I am trying to prove this property, which states that the sum of the generalized convolution of two product, $$\sum_{n=1}^N (f*g)(n)=\sqrt{N}\hat{f}(0)\hat{g}(0)$$ The property is found on the article "Vertex-frequency analysis on graphs". I tried proving by definition, where $$\sum_{n=1}^N (f*g)(n)=\sum_{n=1}^N \sum_{\ell=0}^{N-1}\hat{f}(\lambda_\ell)\hat{g}(\lambda_\ell)\chi_\ell(n)$$. I also converted the inner summation by getting the fourier transform of it, so I have now $$\sum_{n=1}^N (f*g)(n)=\sum_{n=1}^N f(n)g(n)$$ After this, I don't know how to proceed. I just know that $\sqrt{N}$ has something to do with the eigenvalues. Any ideas?

Answer 1

I get it now, I realized the process I did above was wrong. Here's my answer to the problem. $$\sum_{n=1}^N (f*g)(n)=\sum_{n=1}^N\sum_{\ell=0}^{N-1}\hat{f}(\lambda_\ell)\hat{g}(\lambda_\ell)\chi_\ell (n)$$ After that we multiply $\frac{1}{\sqrt{N}}$ to both sides.

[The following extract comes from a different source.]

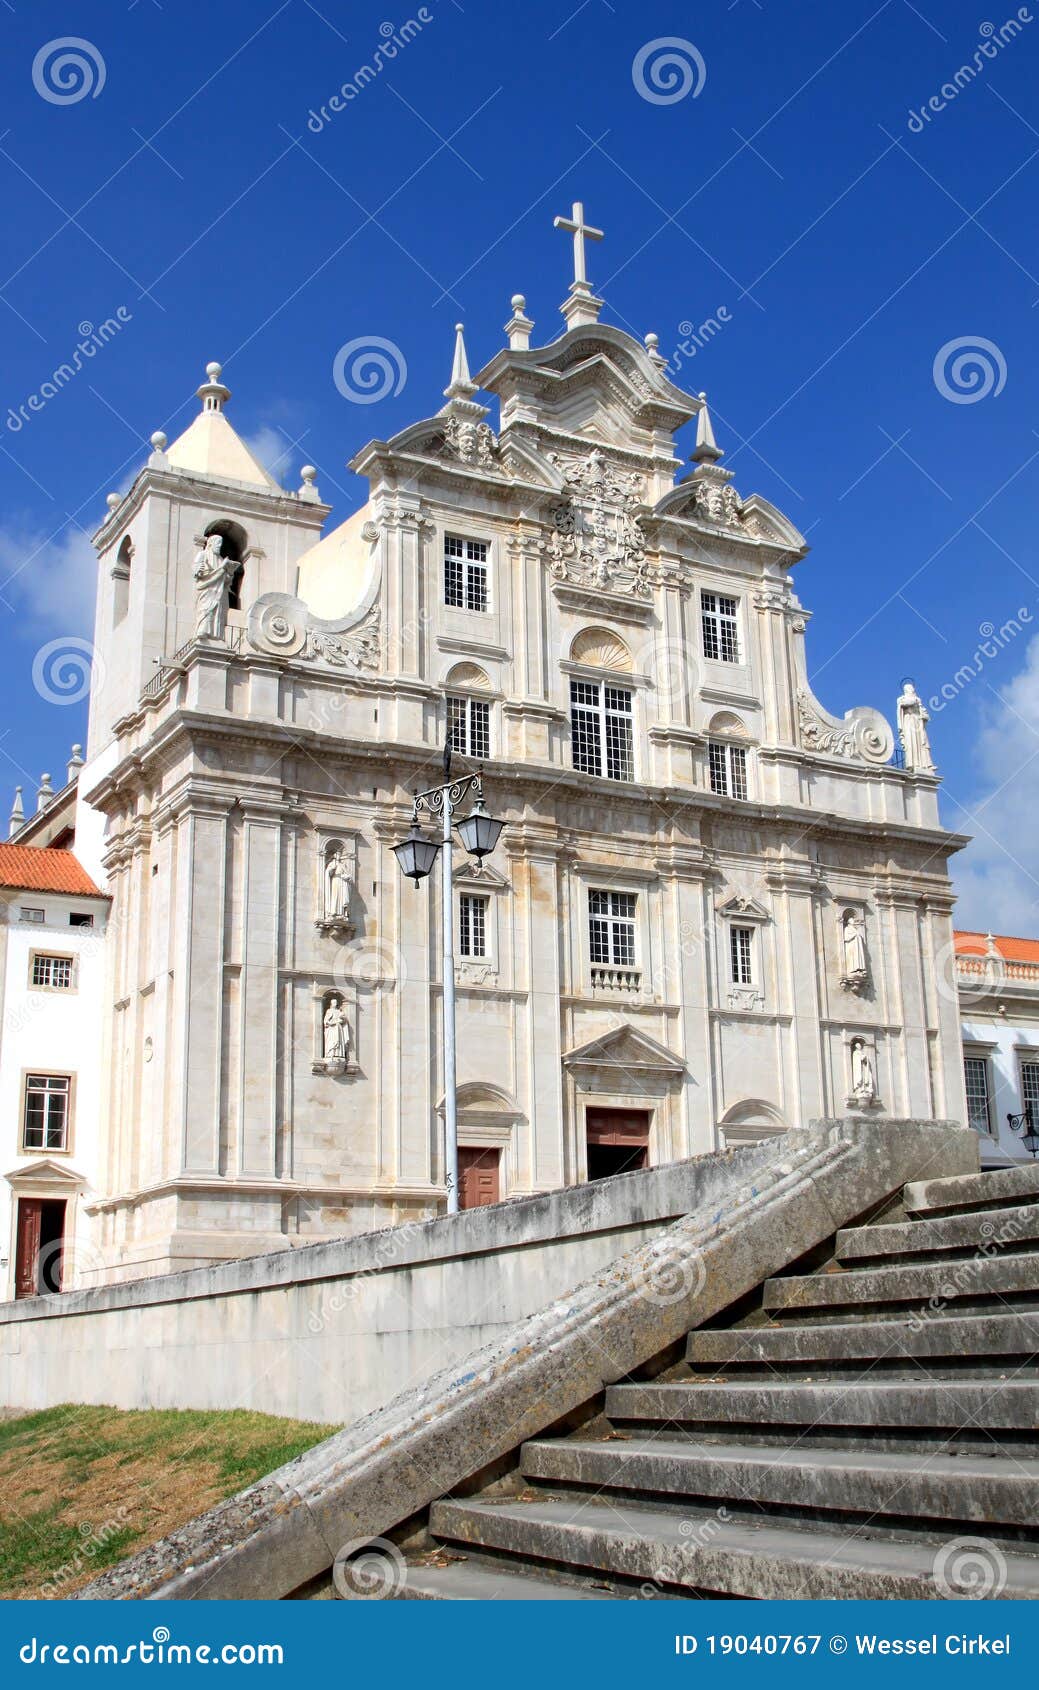 葡萄牙布拉加 — 2017年10月15日：葡萄牙布拉加圣十字教堂内部 编辑类图片 - 图片 包括有 拱道, 交叉: 187555730

We now have $$\frac{1}{\sqrt{N}}\sum_{n=1}^N (f*g)(n)=\frac{1}{\sqrt{N}}\sum_{n=1}^N\sum_{\ell=0}^{N-1}\hat{f}(\lambda_\ell)\hat{g}(\lambda_\ell)\chi_\ell (n)$$ $$=\frac{1}{\sqrt{N}}\sum_{\ell=0}^N\sum_{n=1}^{N-1}\hat{f}(\lambda_\ell)\hat{g}(\lambda_\ell)\chi_\ell (n)$$ $$=\frac{1}{\sqrt{N}}\sum_{\ell=1}^{N-1}\hat{f}(\lambda_\ell)\hat{g}(\lambda_\ell)\sum_{n=1}^{N}\chi_\ell (n)$$ Since given from the article that $\chi_0=\frac{1}{\sqrt{N}}$, we have now, $$=\sum_{\ell=0}^{N-1}\hat{f}(\lambda_\ell)\hat{g}(\lambda_\ell)\sum_{n=1}^{N}\chi_0\chi_\ell (n)$$ The inner summation defines a orthonormal basis, that is, the dot product is equal to 0 if $0\neq\ell$ otherwise 1; and given than $\lambda_0=0$. Hence we have, $$\frac{1}{\sqrt{N}}\sum_{n=1}^N (f*g)(n)=\hat{f}(0)\hat{g}(0)$$. Finally, simplifying we get the equation: $$\sum_{n=1}^N (f*g)(n)=\sqrt{N}\hat{f}(0)\hat{g}(0)$$